Robert Browning, 1812-1883

Johannes Agricola in Meditation
by Robert Browning
from Dramatic Lyrics (1842)

There’s heaven above, and night by night 
     I look right through its gorgeous roof;
No suns and moons though e’er so bright 
     Avail to stop me; splendour-proof 
     I keep the broods of stars aloof:
For I intend to get to God, 
     For ’tis to God I speed so fast,
For in God’s breast, my own abode, 
     Those shoals of dazzling glory, passed, 
     I lay my spirit down at last.
I lie where I have always lain, 
     God smiles as he has always smiled;
Ere suns and moons could wax and wane, 
     Ere stars were thundergirt, or piled 
     The heavens, God thought on me his child;
Ordained a life for me, arrayed 
     Its circumstances every one
To the minutest; ay, God said 
     This head this had should rest upon 
     Thus, ere he fashioned star or sun.
And having thus created me, 
     Thus rooted me, he bade me grow,
Guiltless for ever, like a tree 
     That buds and blooms, nor seeks to know 
     The law by which it prospers so:
But sure that thought and word and deed 
     All go to swell his love for me,
Me, made because that love had need 
     Of something irreversibly 
     Pledged soley its content to be.
Yes, yes, a tree which much ascend, 
     No poison-gourd foredoomed to stoop!
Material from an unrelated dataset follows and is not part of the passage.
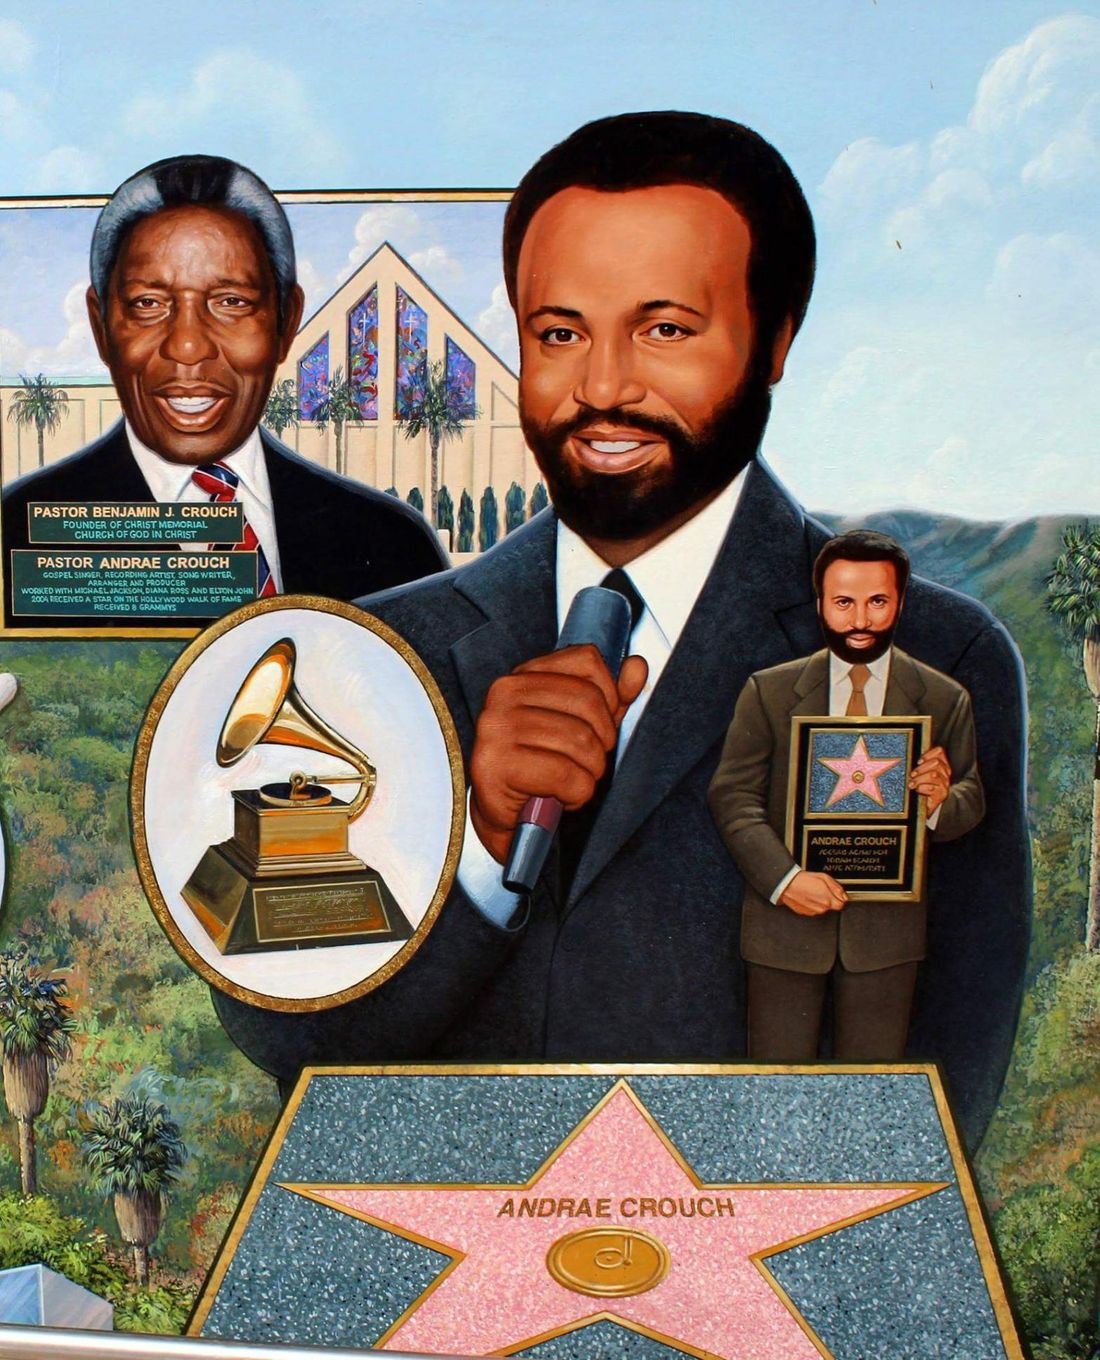 Bishop Crouch and Andrae Crouch
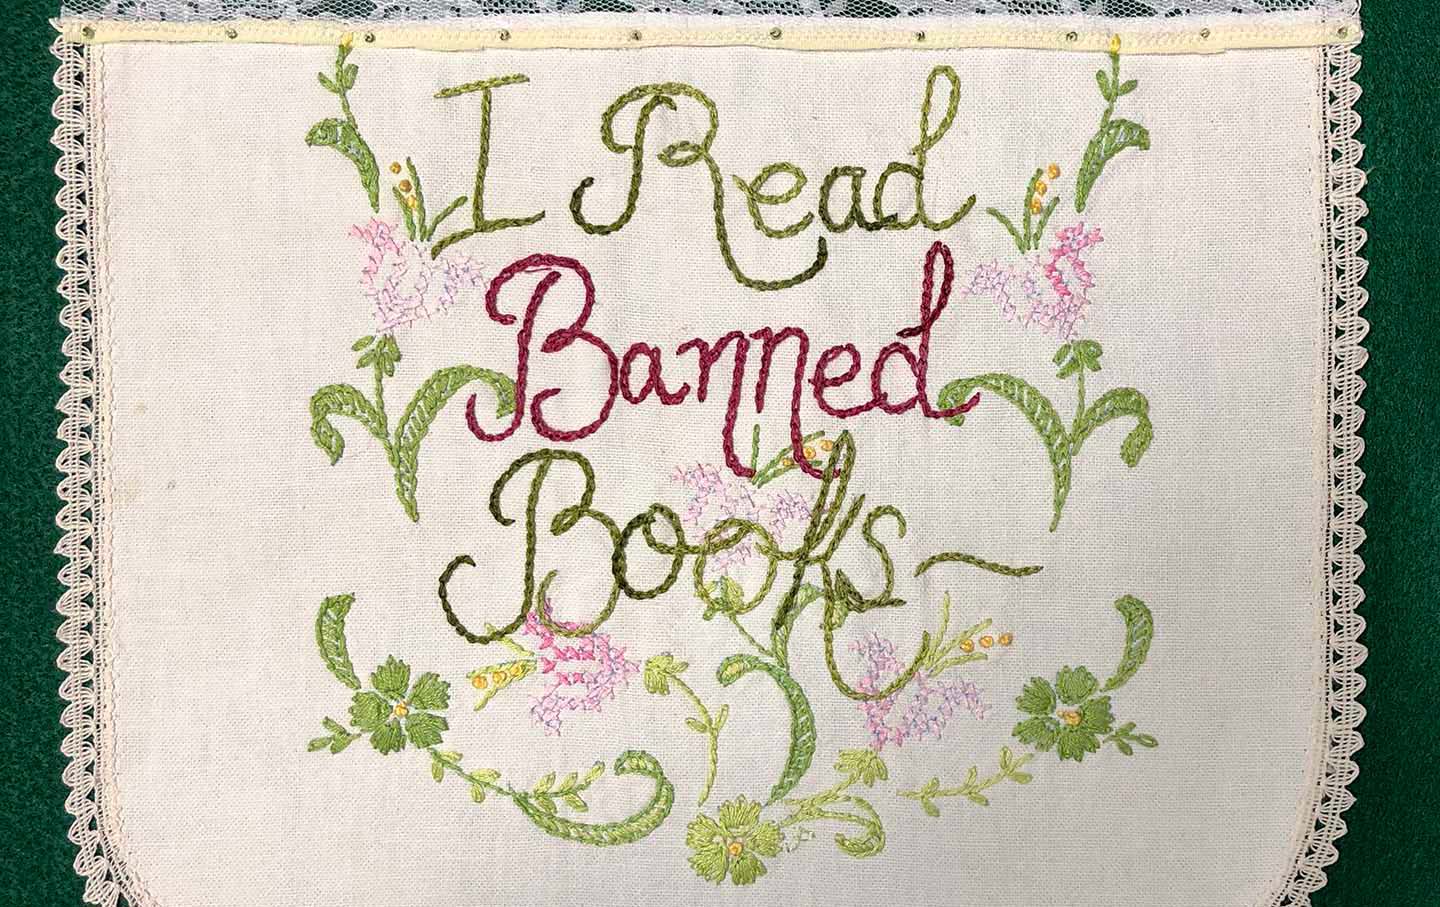 Read Banned Books!

I have God’s warrant, could I blend 
     All hideous sins, as in a cup, 
     To drink the mingled venoms up;
Secure my nature will convert 
     The draught to blossoming gladness fast:
While sweet dews turn to the gourd’s hurt, 
     And bloat, and while they bloat it, blast, 
     As from the first its lot was cast.
For as I lie, smiled on, full-fed 
     By unexhausted power to bless,
I gaze below on hell’s fierce bed, 
     And those its waves of flame oppress, 
     Swarming in ghastly wretchedness;
Whose life on earth aspired to be 
     One altar-smoke, so pure!–to win
If not love like God’s love for me, 
     At least to keep his anger in; 
     And all their striving turned to sin.
Priest, doctor, hermit, monk grown white 
     With prayer, the broken-hearted nun,
The martyr, the wan acolyte, 
     The incense-swinging child,–undone 
     Before God fashioned star or sun!
God, whom I praise; how could I praise, 
     If such as I might understand,
Make out and reckon on his ways, 
     And bargain for his love, and stand, 
     Paying a price at his right hand?